# APS filters booster + Eheim tubing?



## TBRO (23 Sep 2018)

Hi All, 

I’ve just bought an APS filter booster to use as a CO2 reactor on my outflow pipe. I have an Eheim Ecco Pro with 12/16 mm tubing. Can anyone advise on  tubing connections to Mate the two? 

The APS Hose barbs are a lot bigger, internal diameter approx 17 mm. 


Sent from my iPhone using Tapatalk


----------



## Millns84 (23 Sep 2018)

Don't the connectors unscrew to reveal smaller connectors?


----------



## Zeus. (23 Sep 2018)

Millns84 said:


> Don't the connectors unscrew to reveal smaller connectors?



Yes they do  the APS EF1 and EF2 both use the same connectors, I have both filters and have swapped the connectors over when doing some modding.


----------



## TBRO (30 Sep 2018)

Thanks guys, cool that they come with those screw off adaptations!
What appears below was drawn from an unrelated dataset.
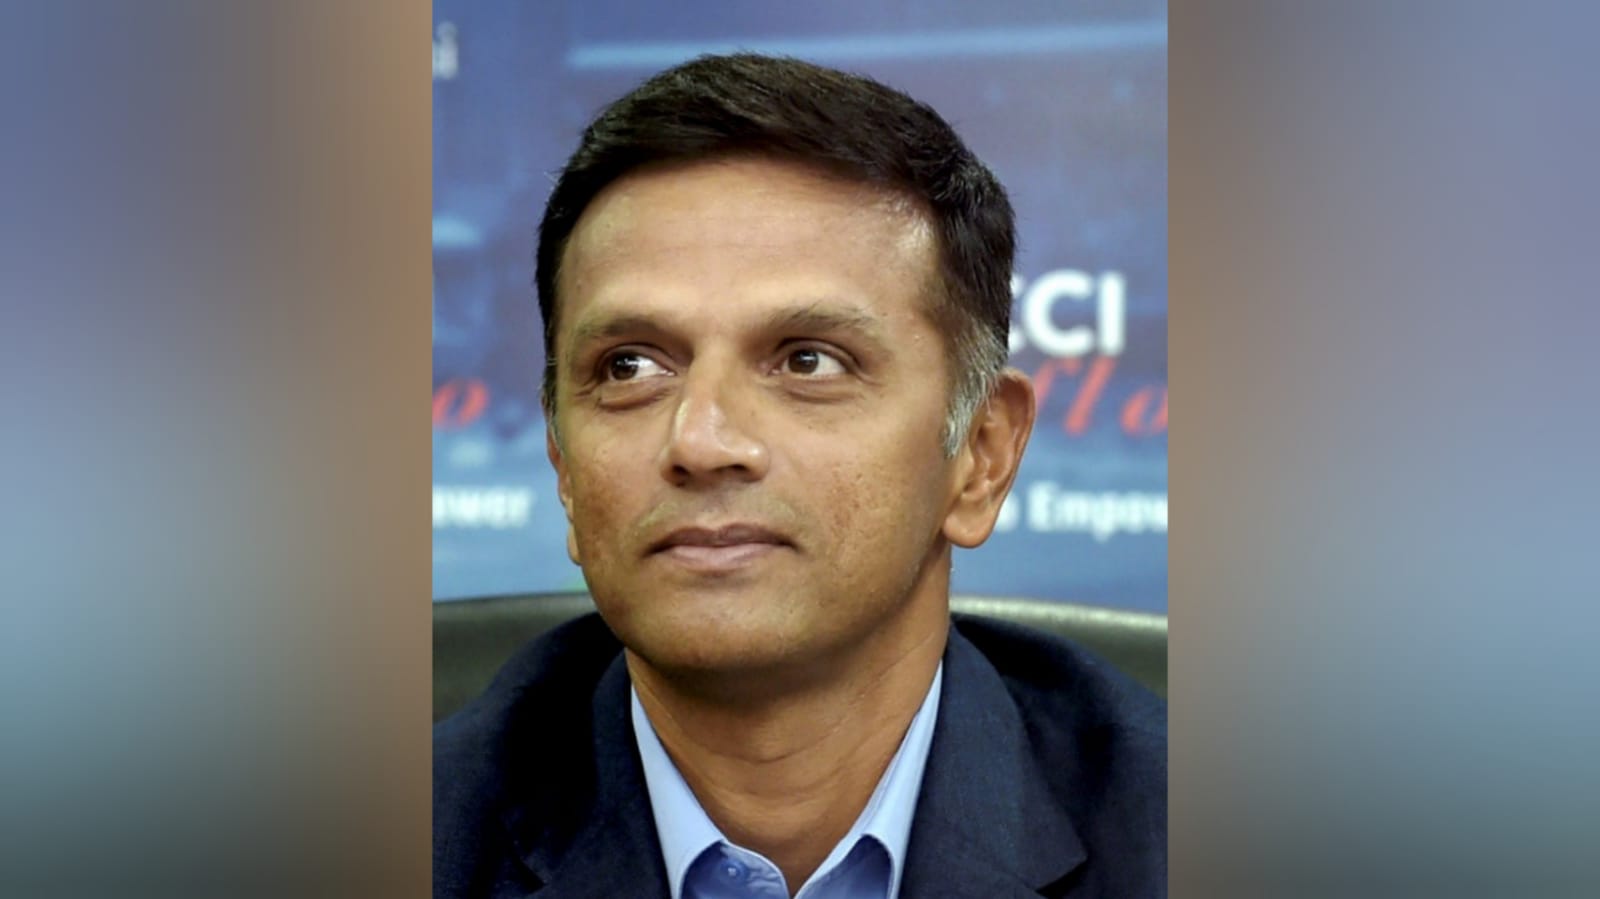 Rahul Dravid was not willing to coach Team India, says Sourav Ganguly

I would have never found them. 

Managed to cobble together connecting parts. 16/22 tubing seems to fit the APS well, so Eheim rescuers can be used to get it to mate with 12/16 tubes. Bit awkward but works. 
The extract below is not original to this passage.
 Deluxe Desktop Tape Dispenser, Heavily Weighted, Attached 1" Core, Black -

Flow seriously down, perhaps I used too many bio balls (2/3 rds full)? Still bubbles go in but no visible bubbles come out and it’s silent, so seems to work so far....
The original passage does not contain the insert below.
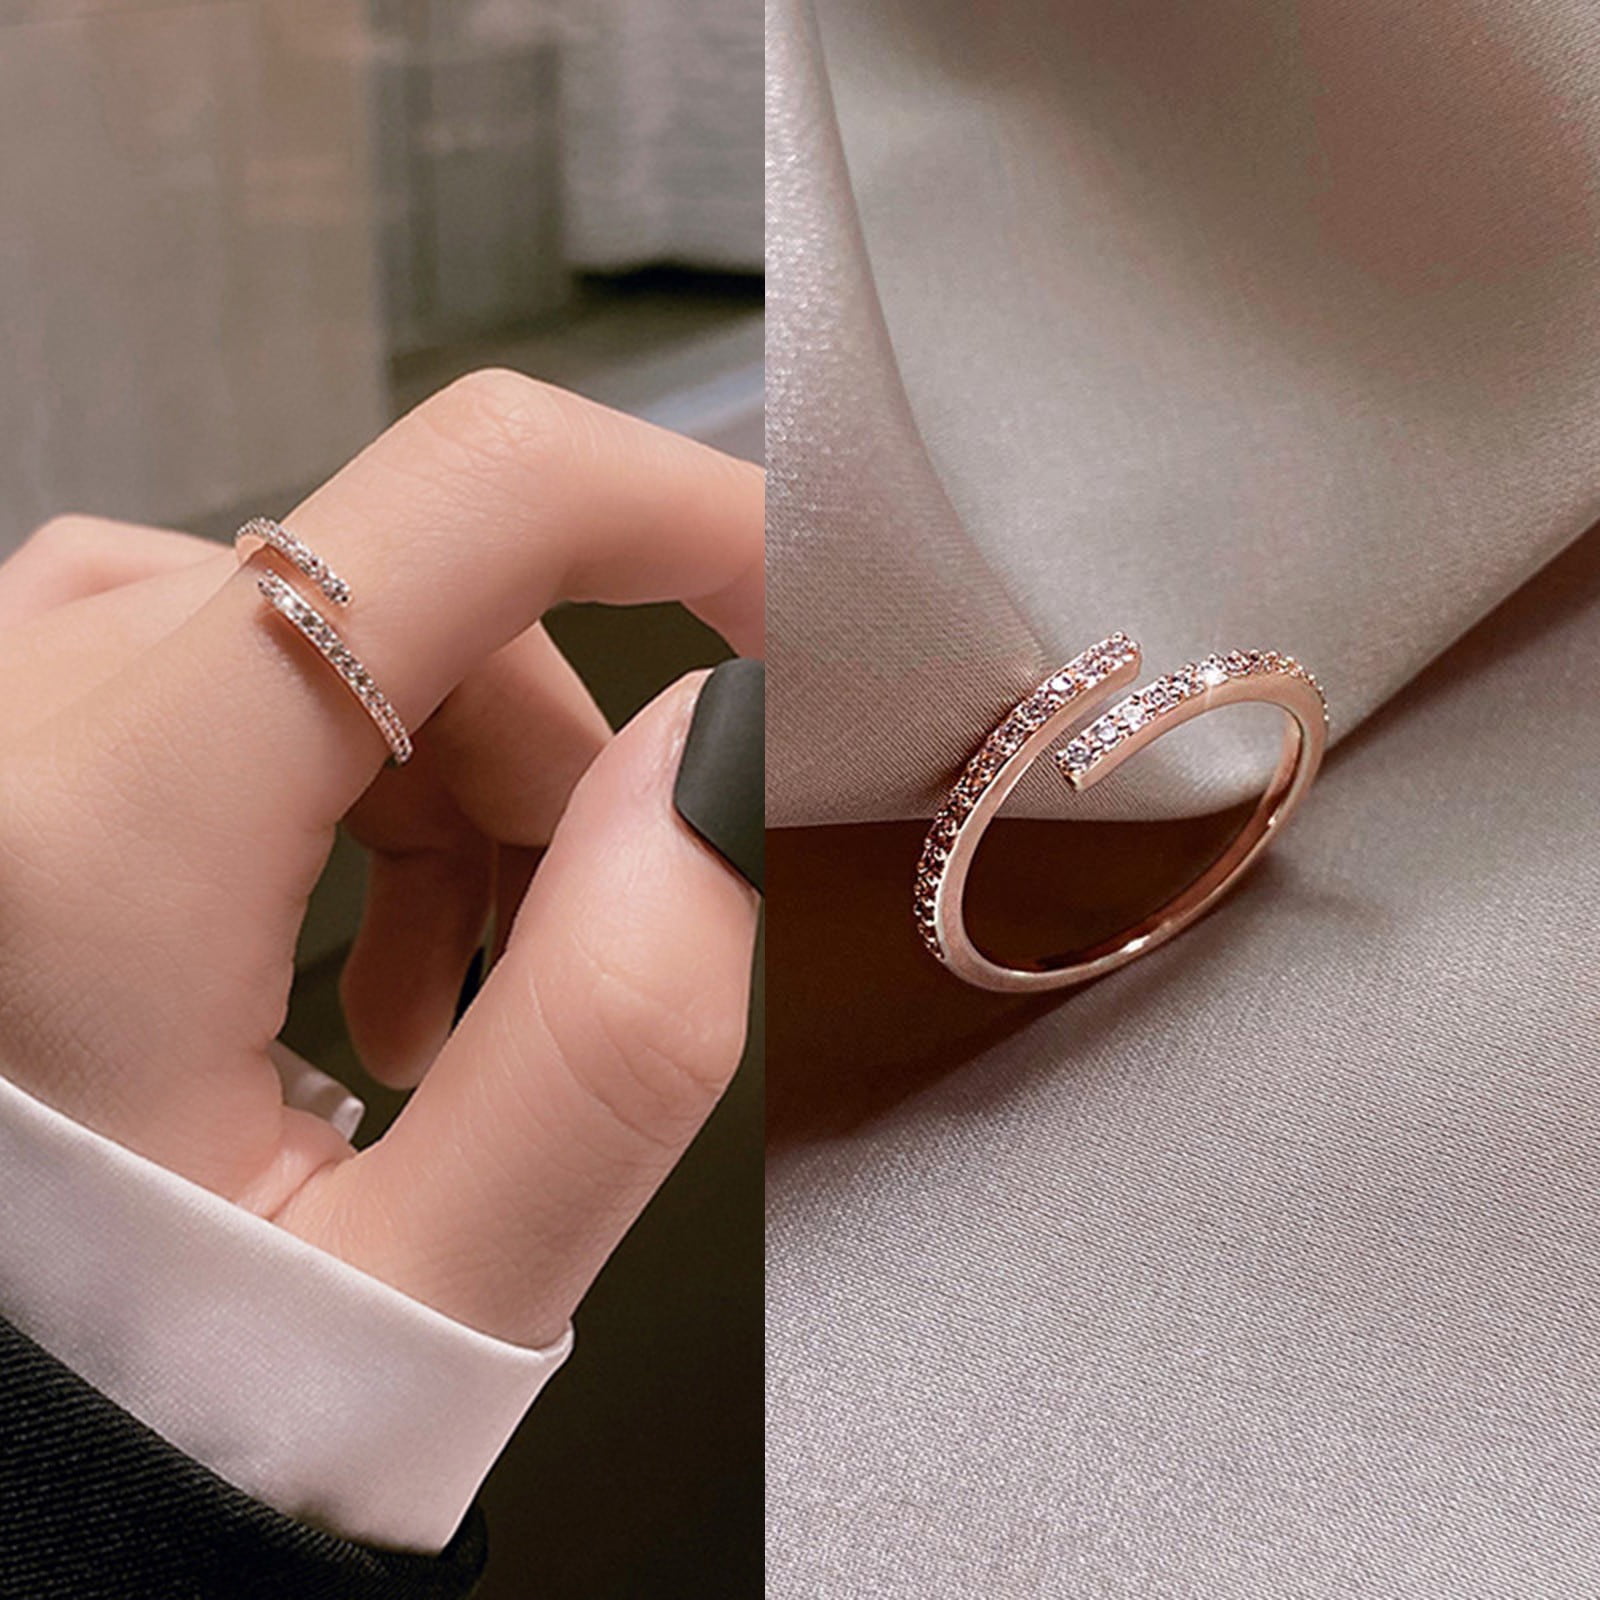 XIAQUJ Delicate in dex Finger Hug Ring with Ring Small Opening Adjustable Ring with Irregular Ring Rings Gold c503f920 412f 4aae b502 4c186e6a9bf4.7128834c8291c04cf4487d755b79f4ca

I really don’t like how soft the clear silicone tubing is, the lock nuts don’t tighten onto them like they do on the green Ehime tubes, anyone recommend  harder 12/16 tubing? (Got mine from Aquarium Gardens). 











Sent from my iPhone using Tapatalk


----------



## Zeus. (30 Sep 2018)

I May be wrong but from the pics you seem to have filter output going to the Pro Flora difusor then to the bottom of the APS EF2  works better when feed goes to the top when using the APS EF2 as CO2 reactor




Easy to get it wrong, think it should help get better sweeping bends too if I am correct as yours do appear a little tight.

Got my Braided tubing form Aquarium Plumbing which doesnt kink easy but they dont do 12/16 but quite a few sellers on Ebay


----------



## TBRO (1 Oct 2018)

Thanks Zeus, had a play with the pipes and flow a bit better, also removed more bio balls. 

As per the directions, just seemed less likely to form an air (read C02) lock. As excess gas could escape out the top. 

See how it goes...


Sent from my iPhone using Tapatalk


----------